Как ни странно, от этой маленькой удачи настроение у меня поднимается. Я отдаю Корнею Ивановичу палку, и мы «на равных» шагаем обратно. При каждом моем удачном прыжке Корней Иванович с преувеличенным ужасом восклицает:
— Осторожно! У вас же вывих!
Потом он замолкает. Поглядывает на меня искоса. И наконец говорит:
— Я понимаю, что это неприлично, но мне ужасно хочется знать: что вы загадали? Можете не отвечать, я не обижусь.
— Я жду письма… — говорю я после паузы.
— Ручаюсь, что вы получите это письмо! Почта уже была. Можно я пойду с вами?
— Конечно, Корней Иванович. Только вы мне скажите: почему электричка не годится?
— Потому, что у нее нет паровоза.
— Ничего не понимаю.
— Получите письмо — объясню.
Мы доходим до Дома творчества. Письма мне нет.
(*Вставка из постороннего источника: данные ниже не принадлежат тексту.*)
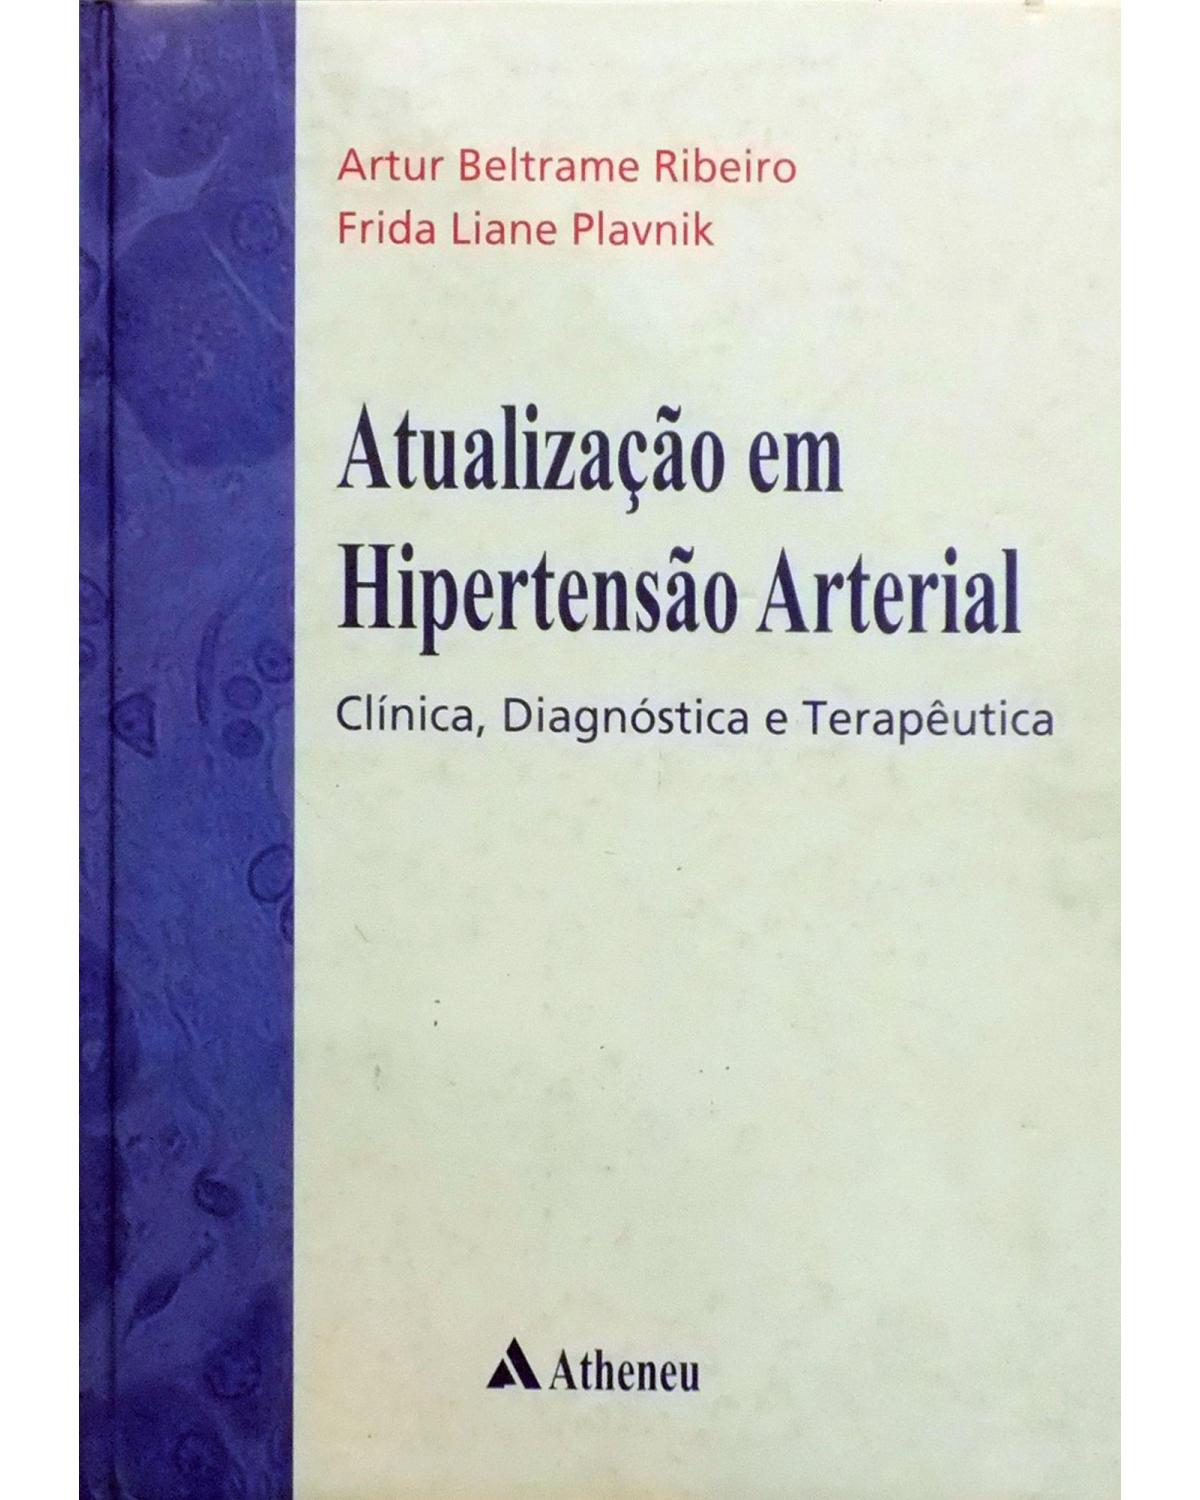 Atualização em hipertensão arterial - clínica, diagnóstica e terapêutica - 2ª Edição | 2007

— Ничего, — утешает меня Чуковский, — завтра придет.
На другой день я действительно получаю письмо.
— Вот видите! — торжествующе заявляет Корней Иванович. — Дело верное!
— Вижу. Но при чем тут паровоз?
— Паровоз очень важен. Если число вагонов нечетное, то я прибавляю к ним паровоз. Я же вам говорил, что такое гаданье верное дело! В моем возрасте, знаете ли, рисковать не хочется… Уж гадать, так наверняка.
И. Петрова
ОЧАРОВАННАЯ ДУША
«В литературе настоящее от мнимого отличается тем же, чем настоящие цветы от искусственных: только особым, неповторимым запахом». В предельно простых словах Жюля Ренара заключена, на мой взгляд, умная и глубокая правда. Есть люди, как есть и книги, в которых это «особое, неповторимое» скрыто, затаено, и нужны пристальный взгляд и терпение, чтобы дойти до сути, понять эту «особость». Но иногда она выступает резко, победительно, подчиняет себе сразу — и навсегда. Так сразу «брал» человека в свой обаятельный плен и Корней Иванович Чуковский.